→ **YOUR OBJECTIVE**
Copy the material below exactly, but only from the line with "Migranti, accordo di" onward, the final line included.

Content starts

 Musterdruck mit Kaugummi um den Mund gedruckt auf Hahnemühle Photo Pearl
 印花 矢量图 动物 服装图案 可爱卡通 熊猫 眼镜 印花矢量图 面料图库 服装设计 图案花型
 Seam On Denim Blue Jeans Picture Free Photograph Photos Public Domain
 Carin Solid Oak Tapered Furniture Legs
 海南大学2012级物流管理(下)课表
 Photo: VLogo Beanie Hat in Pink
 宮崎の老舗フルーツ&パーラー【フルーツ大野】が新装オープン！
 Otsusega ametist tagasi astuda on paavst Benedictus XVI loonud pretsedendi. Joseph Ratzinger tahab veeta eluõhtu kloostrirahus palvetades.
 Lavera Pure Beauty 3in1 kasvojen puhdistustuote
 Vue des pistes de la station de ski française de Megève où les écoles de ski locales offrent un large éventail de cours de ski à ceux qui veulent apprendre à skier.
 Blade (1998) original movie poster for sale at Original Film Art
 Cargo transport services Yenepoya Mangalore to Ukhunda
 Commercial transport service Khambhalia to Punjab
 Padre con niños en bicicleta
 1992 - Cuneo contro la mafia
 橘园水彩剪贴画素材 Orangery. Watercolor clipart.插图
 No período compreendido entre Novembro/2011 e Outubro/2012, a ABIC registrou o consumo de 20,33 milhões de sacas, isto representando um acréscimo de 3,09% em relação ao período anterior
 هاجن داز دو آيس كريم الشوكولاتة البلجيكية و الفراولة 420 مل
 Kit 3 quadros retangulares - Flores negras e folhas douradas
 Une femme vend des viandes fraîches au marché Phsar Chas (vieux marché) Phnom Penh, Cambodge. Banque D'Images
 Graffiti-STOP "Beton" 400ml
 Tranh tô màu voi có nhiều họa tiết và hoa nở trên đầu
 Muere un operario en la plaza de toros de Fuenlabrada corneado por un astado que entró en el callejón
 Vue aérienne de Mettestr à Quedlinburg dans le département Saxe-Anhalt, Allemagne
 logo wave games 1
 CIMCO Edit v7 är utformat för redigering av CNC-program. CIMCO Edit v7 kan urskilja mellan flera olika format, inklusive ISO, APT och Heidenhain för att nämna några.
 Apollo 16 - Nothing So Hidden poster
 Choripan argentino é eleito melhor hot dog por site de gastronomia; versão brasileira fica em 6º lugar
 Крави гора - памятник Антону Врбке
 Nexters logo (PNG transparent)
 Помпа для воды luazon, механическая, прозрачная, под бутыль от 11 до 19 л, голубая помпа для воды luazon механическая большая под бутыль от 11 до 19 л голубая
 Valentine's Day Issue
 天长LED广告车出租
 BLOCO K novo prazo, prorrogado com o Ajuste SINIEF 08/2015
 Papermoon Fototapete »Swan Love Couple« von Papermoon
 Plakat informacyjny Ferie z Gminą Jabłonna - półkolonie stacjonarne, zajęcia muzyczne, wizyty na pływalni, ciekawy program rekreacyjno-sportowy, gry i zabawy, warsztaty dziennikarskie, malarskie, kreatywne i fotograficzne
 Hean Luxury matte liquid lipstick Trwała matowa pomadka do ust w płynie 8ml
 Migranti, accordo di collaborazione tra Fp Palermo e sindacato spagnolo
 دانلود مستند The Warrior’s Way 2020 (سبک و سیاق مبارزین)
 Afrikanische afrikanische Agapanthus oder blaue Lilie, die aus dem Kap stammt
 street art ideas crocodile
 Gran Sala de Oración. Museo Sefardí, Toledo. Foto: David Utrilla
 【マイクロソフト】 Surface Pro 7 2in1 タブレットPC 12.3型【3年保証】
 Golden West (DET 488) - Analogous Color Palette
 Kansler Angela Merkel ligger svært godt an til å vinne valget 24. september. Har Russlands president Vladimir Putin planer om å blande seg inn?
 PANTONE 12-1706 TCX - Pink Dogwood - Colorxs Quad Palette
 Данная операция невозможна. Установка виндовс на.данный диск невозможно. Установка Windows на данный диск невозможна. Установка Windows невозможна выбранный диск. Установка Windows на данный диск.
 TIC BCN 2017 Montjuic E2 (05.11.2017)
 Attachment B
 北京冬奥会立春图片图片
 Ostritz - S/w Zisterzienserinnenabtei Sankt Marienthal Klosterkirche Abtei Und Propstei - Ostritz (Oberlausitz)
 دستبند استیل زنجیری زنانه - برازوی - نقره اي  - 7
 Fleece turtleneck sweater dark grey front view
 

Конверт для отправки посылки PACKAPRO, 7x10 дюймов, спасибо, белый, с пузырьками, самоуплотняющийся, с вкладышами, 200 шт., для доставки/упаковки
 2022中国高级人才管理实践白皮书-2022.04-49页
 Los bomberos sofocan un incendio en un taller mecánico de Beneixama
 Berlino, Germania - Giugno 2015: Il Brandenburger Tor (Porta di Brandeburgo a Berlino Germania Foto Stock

Content ends

→ **RESPONSE FOR THIS EXERCISE**
 Migranti, accordo di collaborazione tra Fp Palermo e sindacato spagnolo
 دانلود مستند The Warrior’s Way 2020 (سبک و سیاق مبارزین)
 Afrikanische afrikanische Agapanthus oder blaue Lilie, die aus dem Kap stammt
 street art ideas crocodile
 Gran Sala de Oración. Museo Sefardí, Toledo. Foto: David Utrilla
 【マイクロソフト】 Surface Pro 7 2in1 タブレットPC 12.3型【3年保証】
 Golden West (DET 488) - Analogous Color Palette
 Kansler Angela Merkel ligger svært godt an til å vinne valget 24. september. Har Russlands president Vladimir Putin planer om å blande seg inn?
 PANTONE 12-1706 TCX - Pink Dogwood - Colorxs Quad Palette
 Данная операция невозможна. Установка виндовс на.данный диск невозможно. Установка Windows на данный диск невозможна. Установка Windows невозможна выбранный диск. Установка Windows на данный диск.
 TIC BCN 2017 Montjuic E2 (05.11.2017)
 Attachment B
 北京冬奥会立春图片图片
 Ostritz - S/w Zisterzienserinnenabtei Sankt Marienthal Klosterkirche Abtei Und Propstei - Ostritz (Oberlausitz)
 دستبند استیل زنجیری زنانه - برازوی - نقره اي  - 7
 Fleece turtleneck sweater dark grey front view
 

Конверт для отправки посылки PACKAPRO, 7x10 дюймов, спасибо, белый, с пузырьками, самоуплотняющийся, с вкладышами, 200 шт., для доставки/упаковки
 2022中国高级人才管理实践白皮书-2022.04-49页
 Los bomberos sofocan un incendio en un taller mecánico de Beneixama
 Berlino, Germania - Giugno 2015: Il Brandenburger Tor (Porta di Brandeburgo a Berlino Germania Foto Stock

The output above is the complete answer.